I think it's partly the male in me that draws me back to Hemingway, since his stories have an unusually masculine—and also intellectual—style and mythos about them. They're like reading a much smarter Zane Grey. Lines are drawn sparsely—little more than thin, gray sketch marks—yet a single strike may carry all the drama of a gunshot. Where Zane Grey may have a gun battle raging in every other chapter, first when a furious bear attacks, then Indians, then more Indians, then a corrupt sheriff, and so on, Hemingway may save that single gunshot until it carries the weight of everything, like spiritual death, loss, tragedy, alienation, hopelessness, and destitution—always destitution.
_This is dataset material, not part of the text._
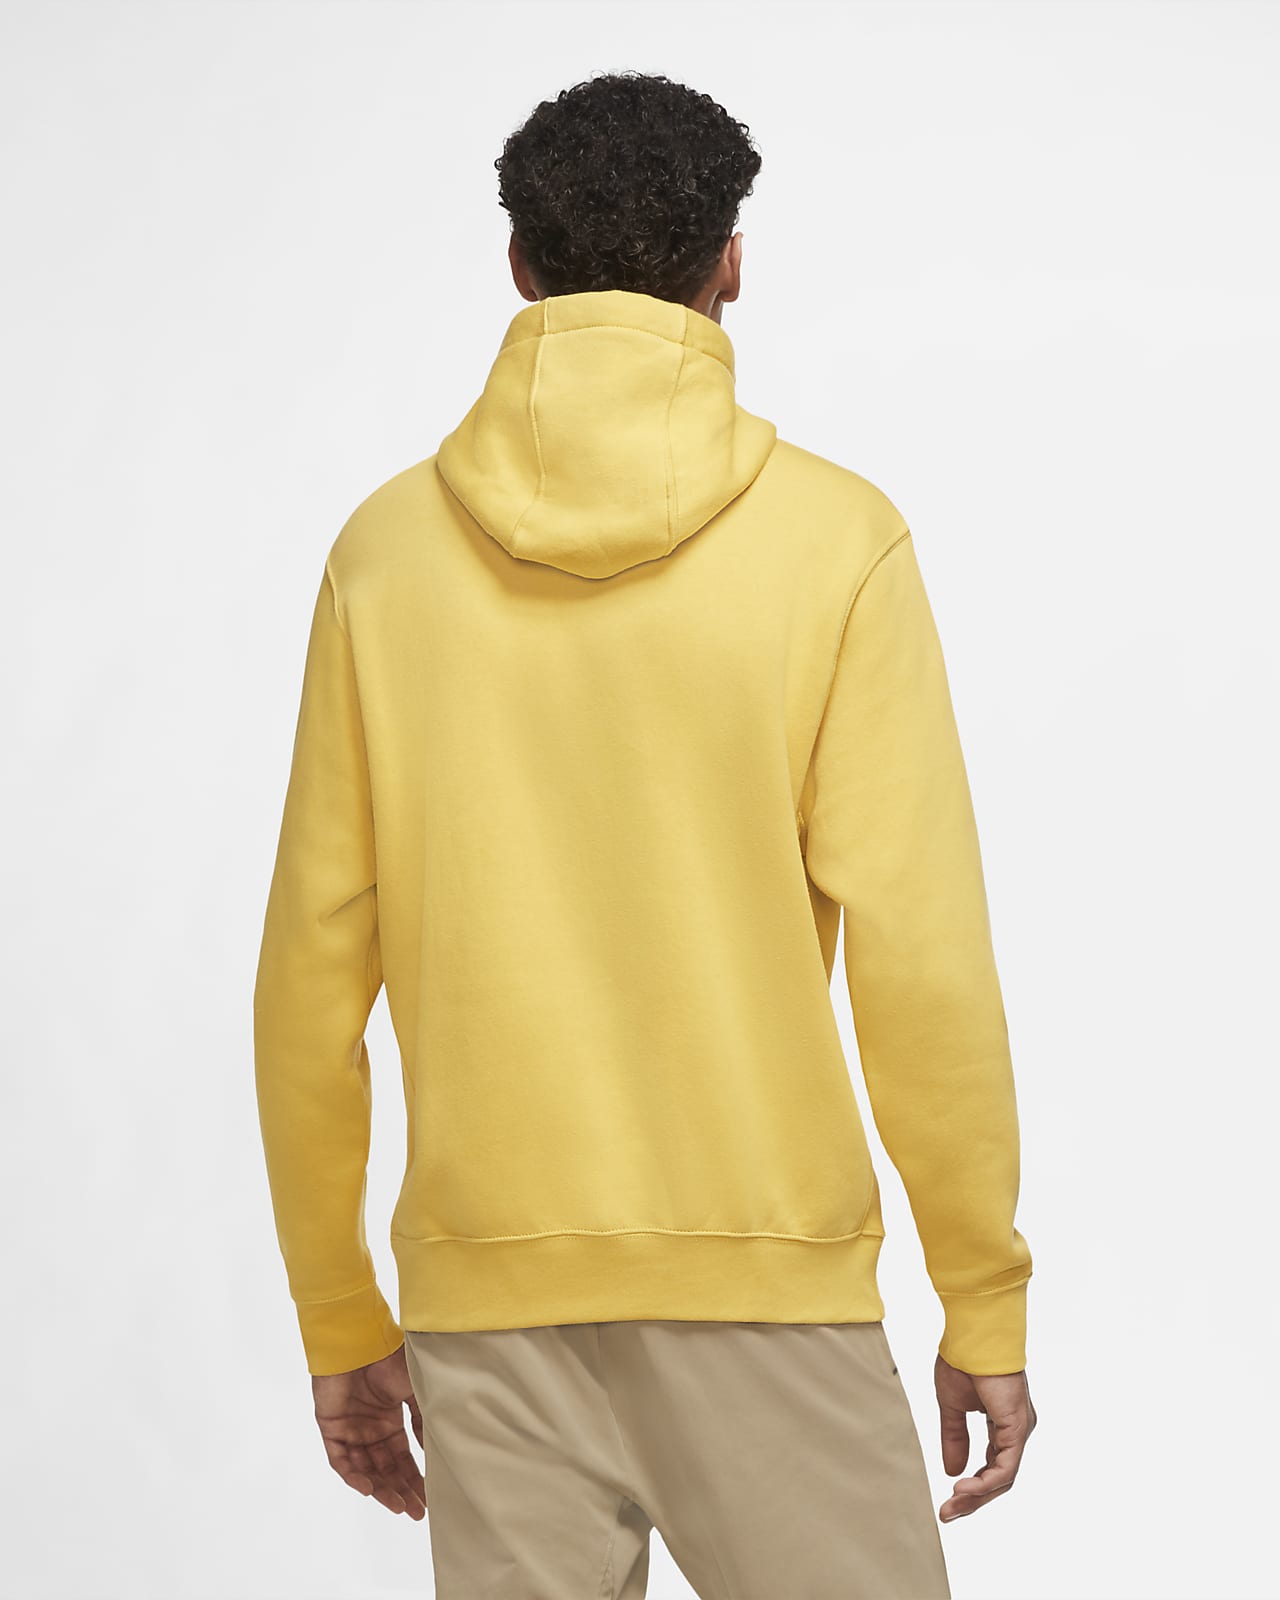 yellow nike hoodie and sweatpants set

The masculinity of the story may also explain why I don't really see the intimate details of Hemingway's characters. A lot of men—especially the most outwardly masculine ones—tend to deal with each other at arm's length, taking what they need and nothing more, and not dwelling too long on “inconsequentials”. (Personally, I think this is caused more by mind-body disintegration than by the nature of masculinity, but that's a topic for a different discussion.) In any case, all of Hemingway's characters are rendered in this fashion. You know about them only by the way they flick their cigarette or cast their reel.

[Spoilers Follow]

A Farewell to Arms doesn't really have a plot in the proper sense, meaning a purposeful progression of events. The story consists mainly of plodding reactions, not purposeful pro-action. The question is decidedly not: what is Lieutenant Henry’s goal and how will he achieve it despite the war? Rather, the question is: Will Henry emerge from the challenge of war intact, slightly altered, nearly destroyed, or not at all? In other words: What will the war do to Henry?
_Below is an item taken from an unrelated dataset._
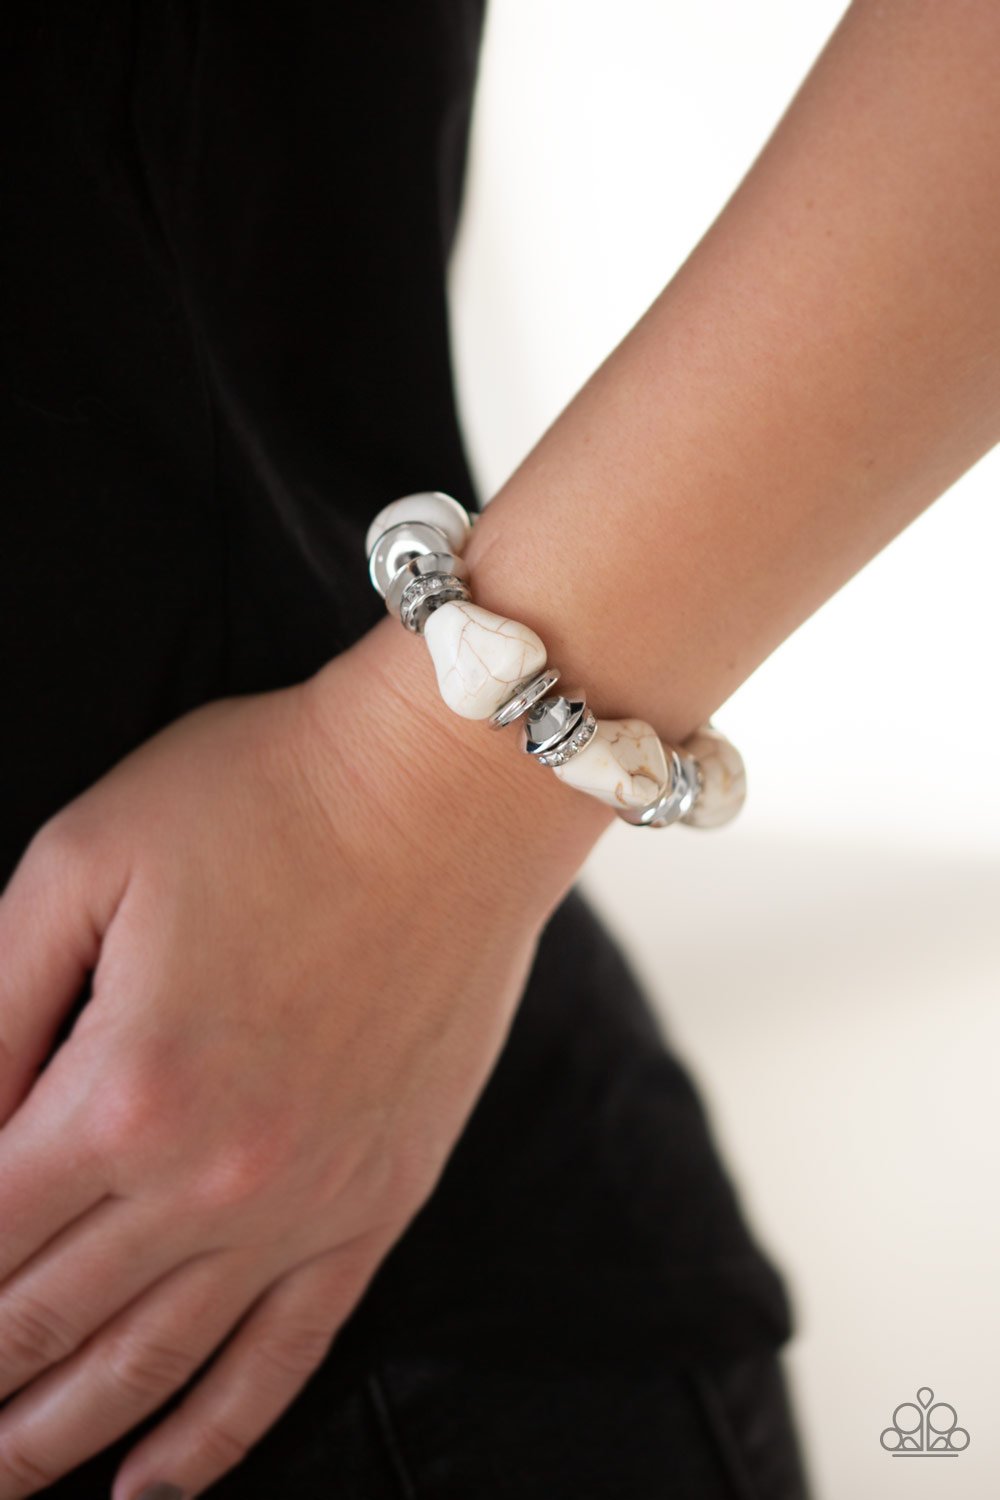 Stunningly Stone Age - White necklace w/ matching bracelet

He is “caught up in” turmoil, but he does not create the turmoil; it creates him. Nature and cruel fates always act upon him, and always he must react. I just don't see how a good plot could ever come from such a victim-centered viewpoint.

In college Literature courses, this book is often presented as a propaganda story against war. But if this were true, one would expect the war to be shown as the cause of Henry's troubles, even if only the ultimate cause. In fact, it doesn't matter that Henry is caught up in a war. He could be entangled in just about any series of unfortunate events, say a revolution or a volcanic eruption, because the war itself is rarely mentioned. Even his decision to join the war was an afterthought, like a young man deciding between buying this car or buying that one.

I think there's a much deeper battle going on in this story, something more frightening than what you'd find in the more colloquial and homey naturalism of, say, a Sinclair Lewis or F. Scott Fitzgerald. Hemingway puts Henry in the worst of circumstances—any circumstance will do—and then makes him do nothing except wait, sometimes lie, and finally run away. Henry rarely acts except to save himself, never pro-actively to gain or keep his values. And this is why I don't think Hemingway cared nearly as much about the war as he did about his own tortured psychological state.

So, naturally, Henry had to lose his wife and child—that is, his highest values. It would be wrong to say that he also lost his self, because he never attained it nor even thought of pursuing it. Perhaps this is where Hemingway inadvertently confesses his own view of mankind's place in this universe—not as initiator, but as pawn—and worse, pawn of a mean and angry universe. No wonder Hemingway was an alcoholic.